Reginald Heber, afterwards the excellent Bishop of Calcutta, was appointed preacher at Lincoln’s Inn in 1822, the year before he sailed for India. In 1826 this good man was found dead in his bath at Trichinopoly. The sudden death of this energetic missionary was a great loss to East Indian Christianity. In the “company of the preachers” we must not forget the excellent Dr. Van Mildert, afterwards Bishop of Durham, and Dr. Thomson the present Archbishop of York.

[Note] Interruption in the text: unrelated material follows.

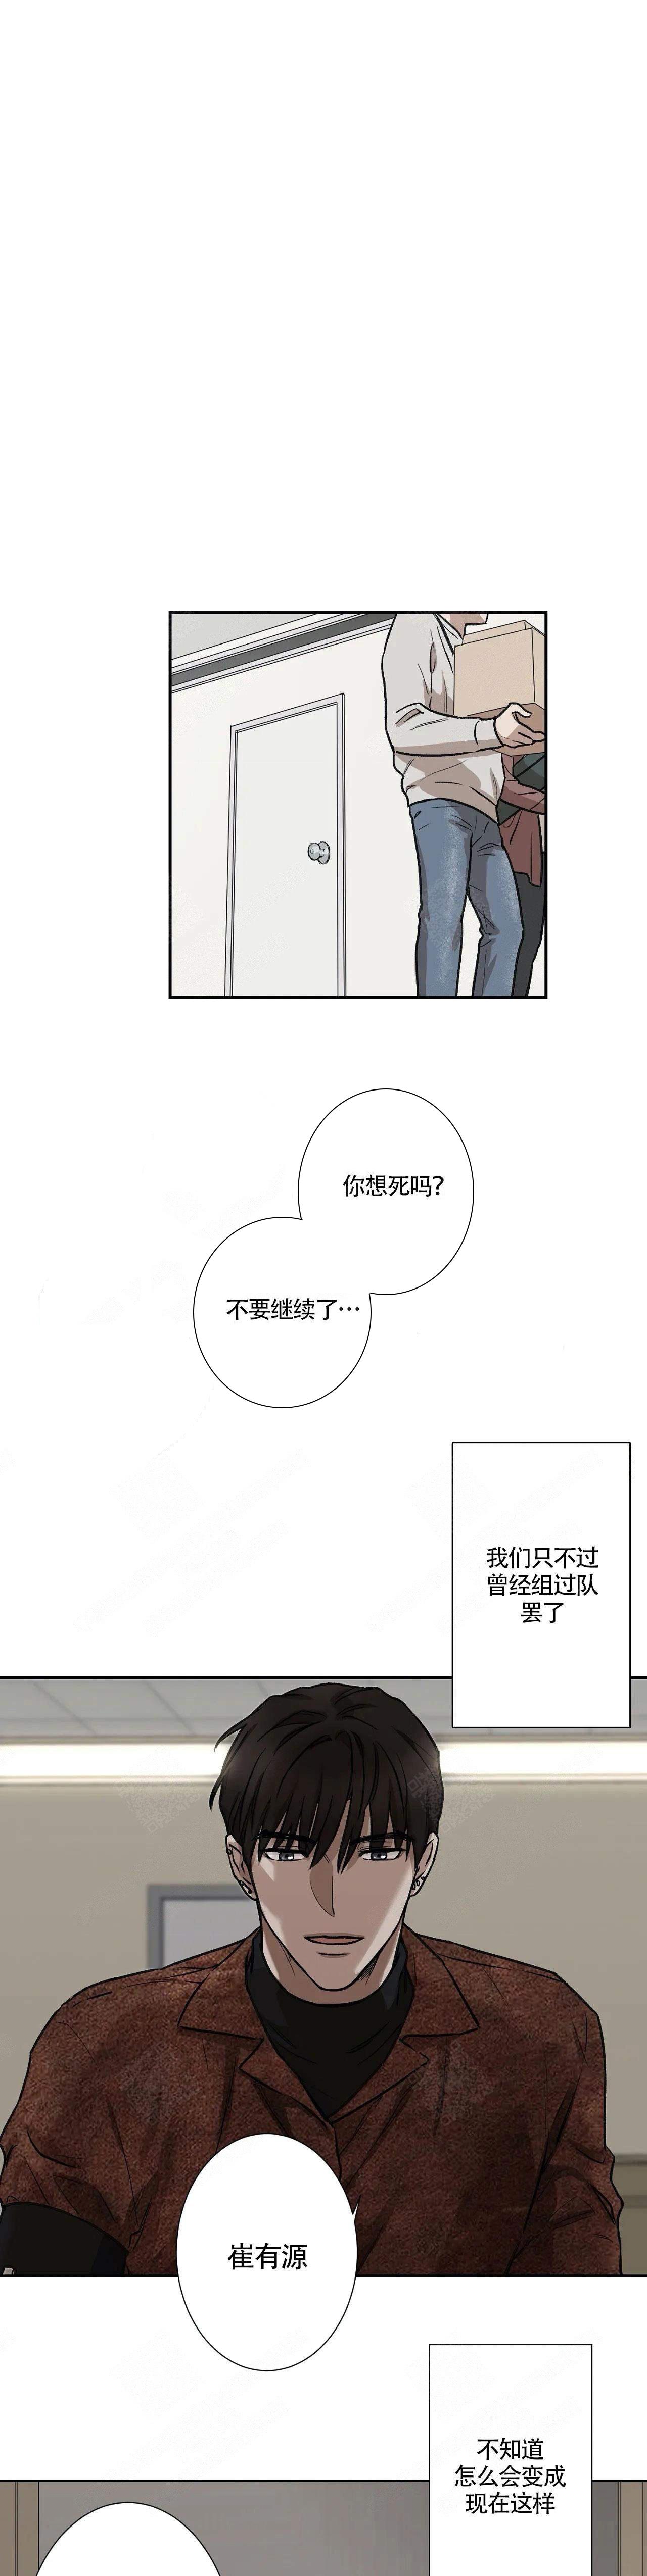 偶像的秘密恋爱-漫画完整版汉化资源 免费阅读-啵乐漫画

In the old times the Lord Chancellor held his sittings in the great hall of Lincoln’s Inn. Here, too, at the Christmas revels, the King of the Cockneys administered his laws. Jack Straw, a sort of rebellious rival, was put down, with all his adherents, as a bad precedent for the Essexes and Norfolks of the inn, by wary Queen Elizabeth, who always kept a firm grip on her prerogative. In the same reign absurd sumptuary laws, vainly trying to fix the quicksilver of fashion, forbade the students to wear long hair, long beards, large ruffs, huge cloaks, or big spurs. The fine for wearing a beard of more than a fortnight’s growth was three shillings and fourpence.[685] In her father’s time beards had been prohibited under pain of double commons.

In the old hall, replaced by the new Tudor building, stood one of Hogarth’s most pretentious but worst pictures, “Paul preaching before Felix,” an ill-drawn and ludicrous caricature of epic work. The society paid for it. It is now rolled up and hid away with as much contumely as Kent’s absurdity at St. Clement’s when Hogarth parodied it.

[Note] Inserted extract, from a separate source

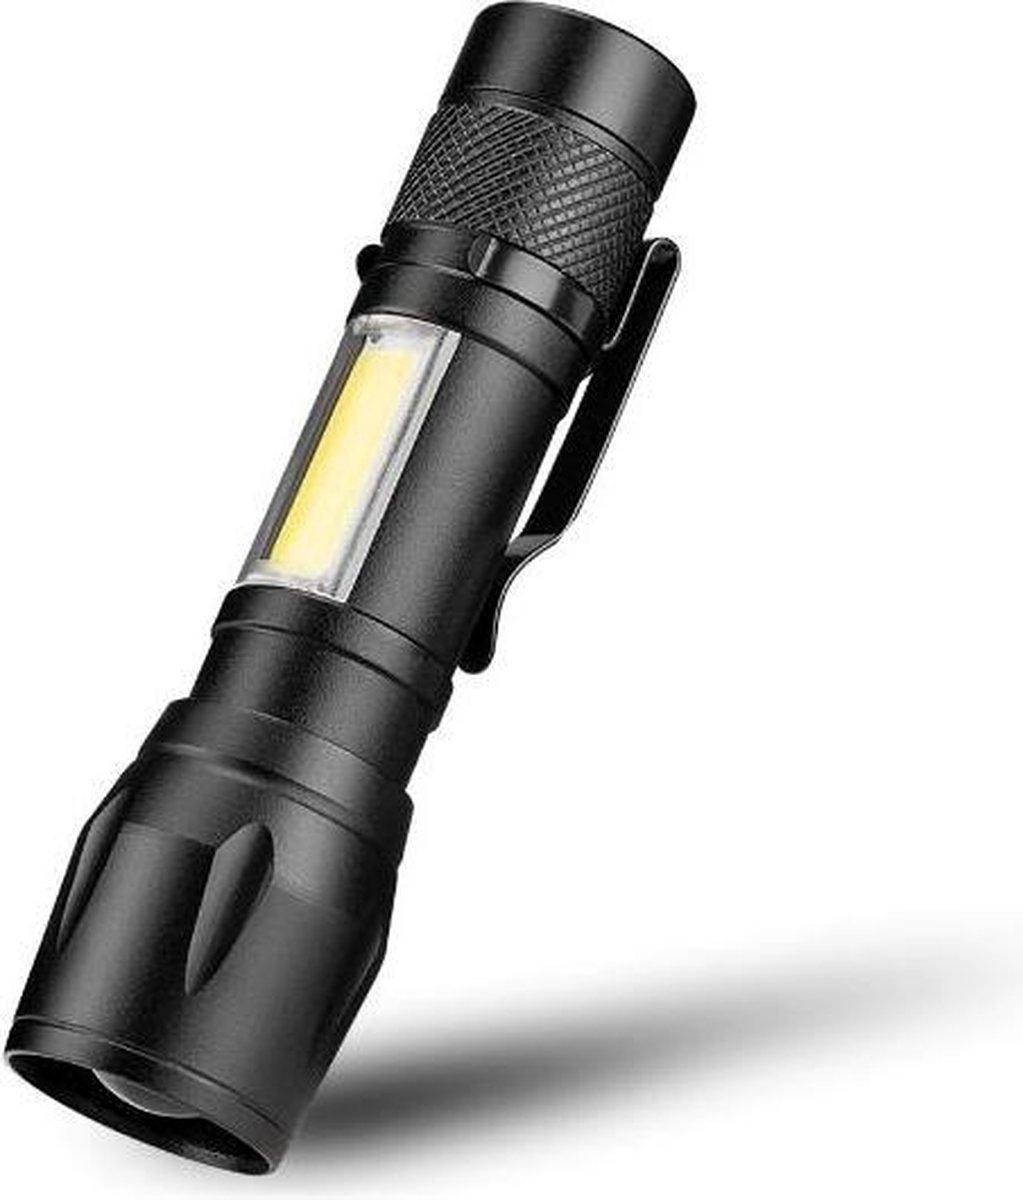 LED Zaklamp COB - Waterdicht   Inzoombaar

The new hall of Lincoln’s Inn was built by Mr. P. Hardwick, the architect of the St. Katherine Docks, and was opened by the Queen in person in 1845. It is a fine Tudor building of red brick, with stone dressings. The hall is 120 feet, the library 80 feet long. The contract was taken for £55,000, but its cost exceeded that sum. The library contains the unique fourth volume of Prynne’s Records, which the society bought for £335 at the Stow sale in 1849, and all Sir Matthew Hale’s bequests of books and MSS.: “a treasure,” says that “excellent good man,” as Evelyn calls him[686] in his will, “that is not fit for every man’s view.” The hall contains a fresco representing the “Lawgivers of the World,” by Watts. The gardens were much curtailed by the erection of the hall, and their quietude destroyed. Ben Jonson talks of the walks under the elms.[687] Steele seems to have been fond of this garden when he felt meditative. In May 1709, he says much hurry and business having perplexed him into a mood too thoughtful for company, instead of the tavern “I went into Lincoln’s Inn Walk, and having taken a round or two, I sat down, according to the allowed familiarity of these places, on a bench.” In a more thoughtful month (November) of the same year he goes again for a solitary walk in the garden, “a favour that is indulged me by several of the benchers, who are very intimate friends, and grown old in the neighbourhood.” It was this bright frosty night, when the whole body of air had been purified into “bright transparent æther,” that Steele imagined his vision of “The Return of the Golden Age.”